Junub maknawiyah ialah kelalaian-kelalaian hati sehingga dalam banyak hal kita lupa kepada Allah s.w.t. Karena itu maka perlu kesucian maknawiyah, yaitu mengingat Allah dengan berzikir dengan lidah dan hati dan seluruh anggota tubuh, atau dengan hati saja kepada Allah s.w.t. Di samping itu kita harus berfikir mencari jalan bagaimana supaya kita jangan sampai jatuh ke dalam jurang-jurang kelalaian.

Bagaimana mungkin seorang hamba bisa memahami kedalaman berbagai rahasia, sementara ia belum bertaubat dari kesalahannya?

Apabila seorang hamba Allah telah sampai ke daerah khusus buat para hamba-hambaNya yang saleh, maka pada waktu itu ia berharap supaya ia dapat memahami ilmu-ilmu pengetahuan Ketuhanan yang halus-halus di mana telah dikaruniakan oleh Allah pada hati hamba-hambaNya yang ‘Arifin, yakni hamba-hamba Allah yang telah terbuka dinding dan hijab antara mereka dengan Allah s.w.t.

Harapannya baru sampai apabila dirinya dan hatinya sudah terpelihara daripada dosa-dosa yang diperbuatnya dengan sengaja, karena yang kedua ini sudah jelas hukumnya, yaitu kita wajib taubat kepada Allah.

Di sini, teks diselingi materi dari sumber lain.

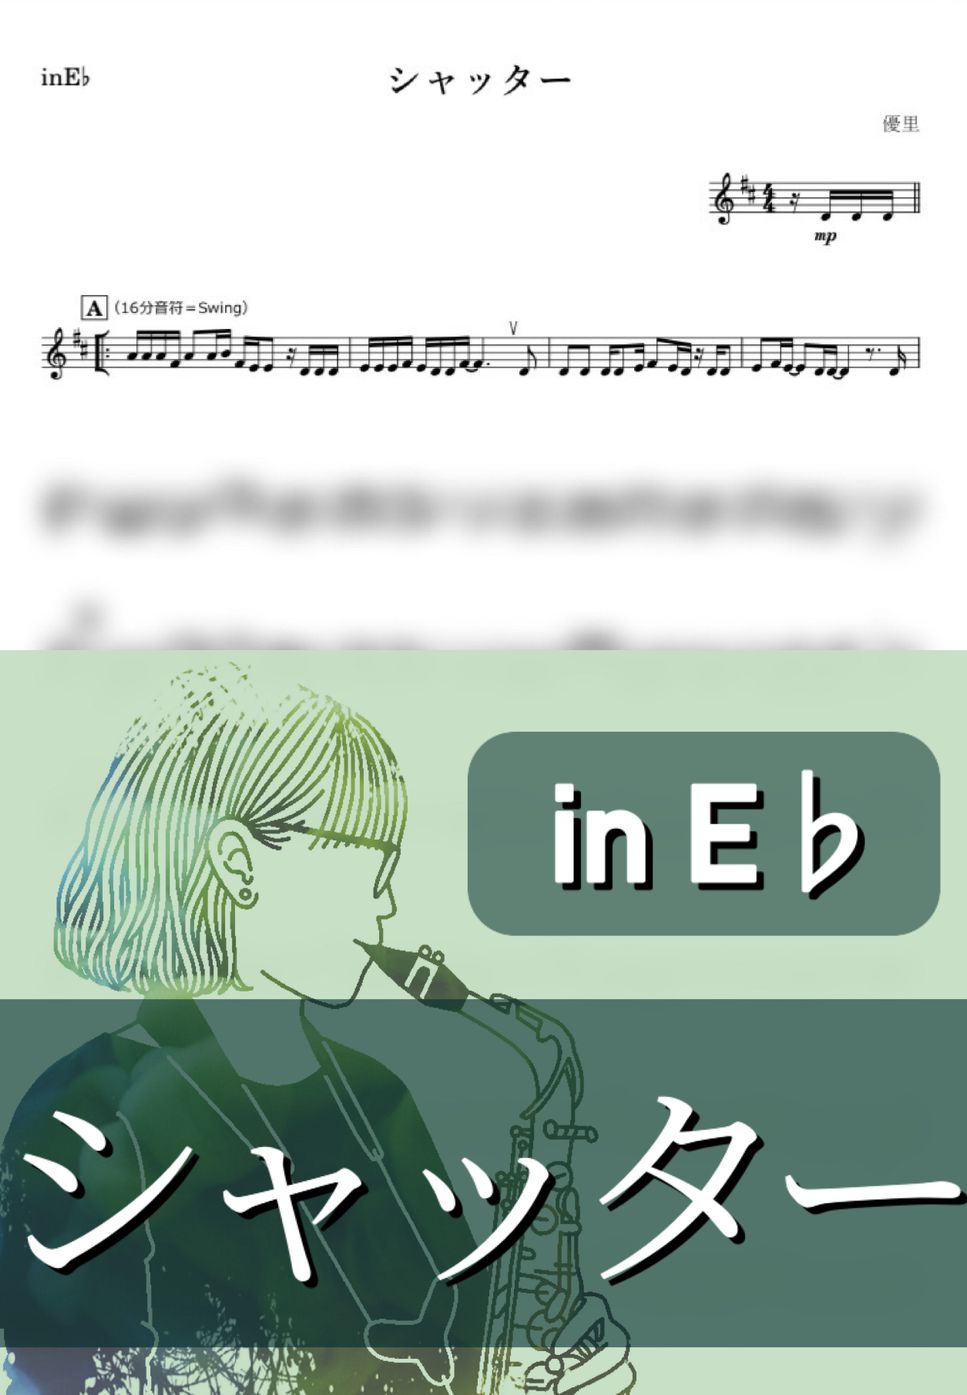 優里 - シャッター (E♭) by kanamusic

Dosa-dosa sifatnya adalah mengeruhkan hati dan membawa karat pada hati, sebagaimana firman Allah s.w.t. dalam Al-Quran:

“Sekali-kali tidak (demikian), sebenarnya apa yang selalu mereka usahakan itu menutupi hati mereka.” (Al Muthaffifin : 14)

Karena inilah maka siapa pun saja dari hamba Allah yang menginginkan agar Allah mcmberikan kepadanya ilmu-ilmu yang halus dalam keagamaan dan Ketuhanan, di samping ikhtiar pada menuntutnya, juga wajib taqwa kepada Allah hingga sampai tidak mengerjakan dosa tanpa disengaja.

Sebagaimana firman Allah dalam Al-Quran:

“Dan bertaqwalah kepada Allah, dan Allah akan memberikan ilmu pengetahuan kepada kamu.” (Al-Baqarah : 282)

Jadi apabila kita bertaqwa kepada Allah, bersih dari segala dosa, baik yang disengaja atau yang tidak disengaja. Dan mengamalkan apa yang telah diketahui dari ajaran-ajaran agama, maka Allah s.w.t. akan memberikan ilmu ladunni kepada kita, yakni ilmu yang belum kita ketahui sama sekali.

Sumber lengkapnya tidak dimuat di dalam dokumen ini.